According to the morphology of the colonies, the positive E. coli isolates showed up as dark pink on MacConkey agar, a metallic green sheen on EMB agar, and purple on Brilliance E. coli/coliform Agar. Additionally, all E. coli isolates were positive for the specific biochemical tests to confirm the isolates. Our research showed that the percentage of pathogenic E. coli in milk samples was 36.3% (29/80) (Table 2). Regarding the seasonal variations, no significant relationship was found between the percentage of pathogenic E. coli and the seasons (Table 2). Although there was an increase in the number of isolates in winter compared to summer, this increase was not statistically significant. Furthermore, molecular screening for a specific E. coli gene showed that all (100%) isolates possessed the uidA gene (Figure 1). PCR confirmation for the presence of Stx1 and Stx2 virulence genes revealed that 27/29 (93.1%) of the isolates had the Stx1 + Stx2 genes together, and all the isolates 100% possessed Stx2 gene (Figures 2 and 3). None of the pathogenic E. coli isolates had the Stx1 gene alone (Table 2).

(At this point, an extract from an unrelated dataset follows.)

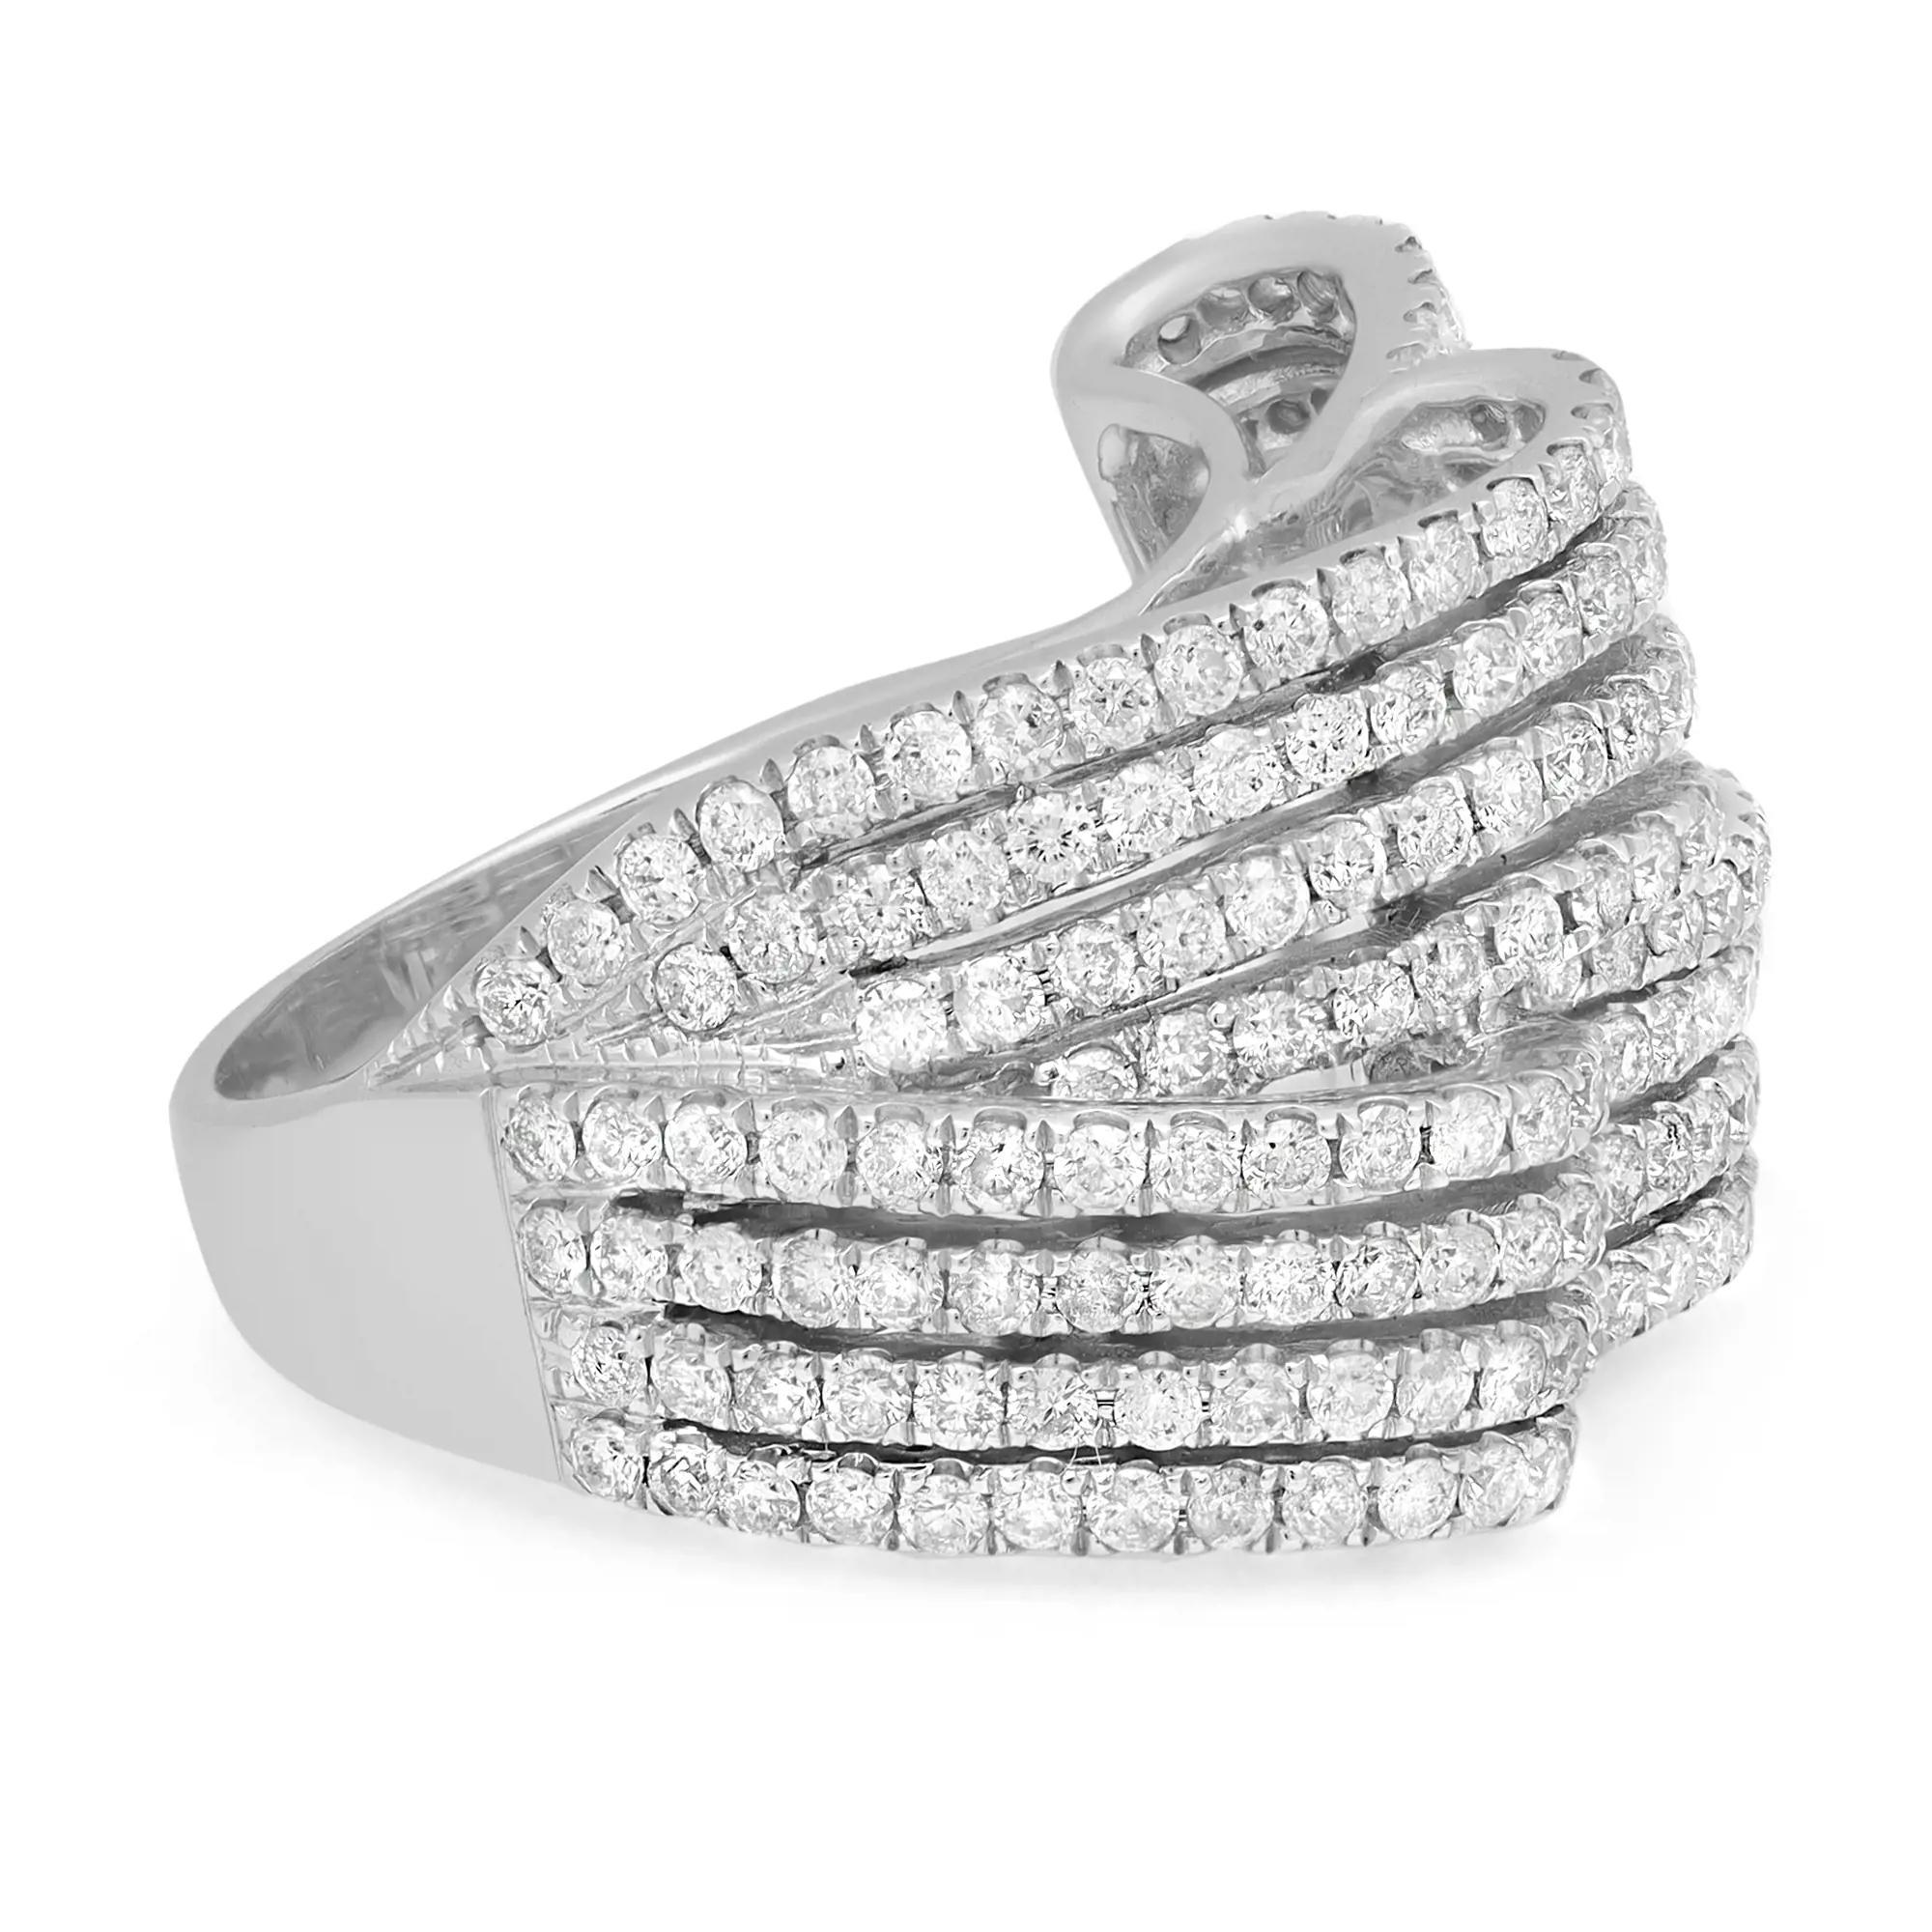 This beautiful diamond ladies cocktail ring exceptionally showcases prong set round cut diamonds in a unique waves shape shank. Crafted in fine 14k white gold. Total diamond weight: 2.24 carats. Diamond quality: color H-I and SI2-I clarity. Ring

Table 2: The percentage of pathogenic Escherichia coli in subclinical milk samples during different seasons

Season	No. of samples	No. of STEC isolates	Molecular detection of STEC
Season	No. of samples	No. of STEC isolates	uidA	Stx1	Stx2
Spring	20	6^a	6/6	5/6	6/6
Summer	20	4^a	4/4	3/4	4/4
Autumn	20	9^a	9/9	9/9	9/9
Winter	20	10^a	10/10	10/10	10/10
Total	80	29 (36.3%)	29/29 (100%)	27/29 (93.1%)	29/29 (100%)

Within the same column, frequencies with similar letters are not significantly different (P > 0.05).

Figure 1: Fragment size (bp) of gene sequences: uidA (623), lane M: DNA ladder, lane 1: positive control (E. coli), lane 7: negative control, and lanes 2-6: positive samples.

Figure 2: Fragment size (bp) of gene sequences: Stx1 (347), lane M: DNA ladder, lane 1: positive control (shiga toxin-producing E. coli), lane 7: negative control, and lanes 2-6: positive samples.

Figure 3: Fragment size (bp) of gene sequences: Stx2 (592), lane M: DNA ladder, lane 1: positive control (shiga toxin-producing E. coli), lane 7: negative control, and lanes 2-6: positive samples.

Discussion

Mastitis has a severe financial impact on dairy farming all over the world. Due to the lack of visible symptoms in cases with subclinical mastitis, this is further emphasized (30). Bovine clinical and subclinical mastitis is attributed to Escherichia coli. In addition to mastitis cases, the STEC strains are commonly isolated from severe human diseases (31,32). Raw milk and unpasteurized dairy products (such as soft white cheese) are frequently consumed in Iraq’s rural areas (33). This emphasizes the possibility that milk with subclinical mastitis could play a role in introducing the bacterium into the human food chain.

Our findings confirmed the isolation of STEC from samples of cow’s milk that appeared normal (subclinical mastitis) in Mosul city. The percentage of STEC was 36.3%, which is not a small percentage and may affect public health. However, the incidence of pathogenic E. coli isolated from subclinical mastitis in bovine was 24.2, 22.6% in the previous research conducted in Iraq (Al-Sulaymaniyah) and Iran, respectively (34,35), which are lower percentage compared to our study. While our results were very close to those of the study conducted in China, the prevalence of E. coli was 34.5% in raw cow’s milk samples (36). In contrast, a much higher incidence 49.8% of pathogenic E. coli was isolated from subclinical mastitis in bovine dairy herds in Egypt (37) and Bangladesh 75% (38).

The high frequency of environmental pathogens (such as E. coli) isolated from subclinical mastitis points to poor management practices and a general lack of farm hygiene and sanitation (39). Subclinical mastitis can be prevented and controlled by either pre- or post-milking udder disinfection or by changes in milking technique, such as utilizing a milking machine (40). Dry cow therapy is essential to control subclinical mastitis since it has been proven to be successful in eradicating existing intramammary infections and preventing the development of new intramammary infections. During the dry period, this therapy usually gives intramammary or systemic antibiotics (41).

Moreover, our findings showed that Stx2 was more common than Stx1, which is consistent with STEC strains isolated from milk from cows with subclinical mastitis samples in Iran (35). Additionally, all the E. coli isolated in Egypt’s subclinical buffalo mastitis samples had the Stx2 gene (42). Furthermore, our findings supported that STEC strains isolated from cattle primarily possess the Stx2 gene, which is more closely linked to hemolytic uremic syndrome and human hemorrhagic colitis in humans (43).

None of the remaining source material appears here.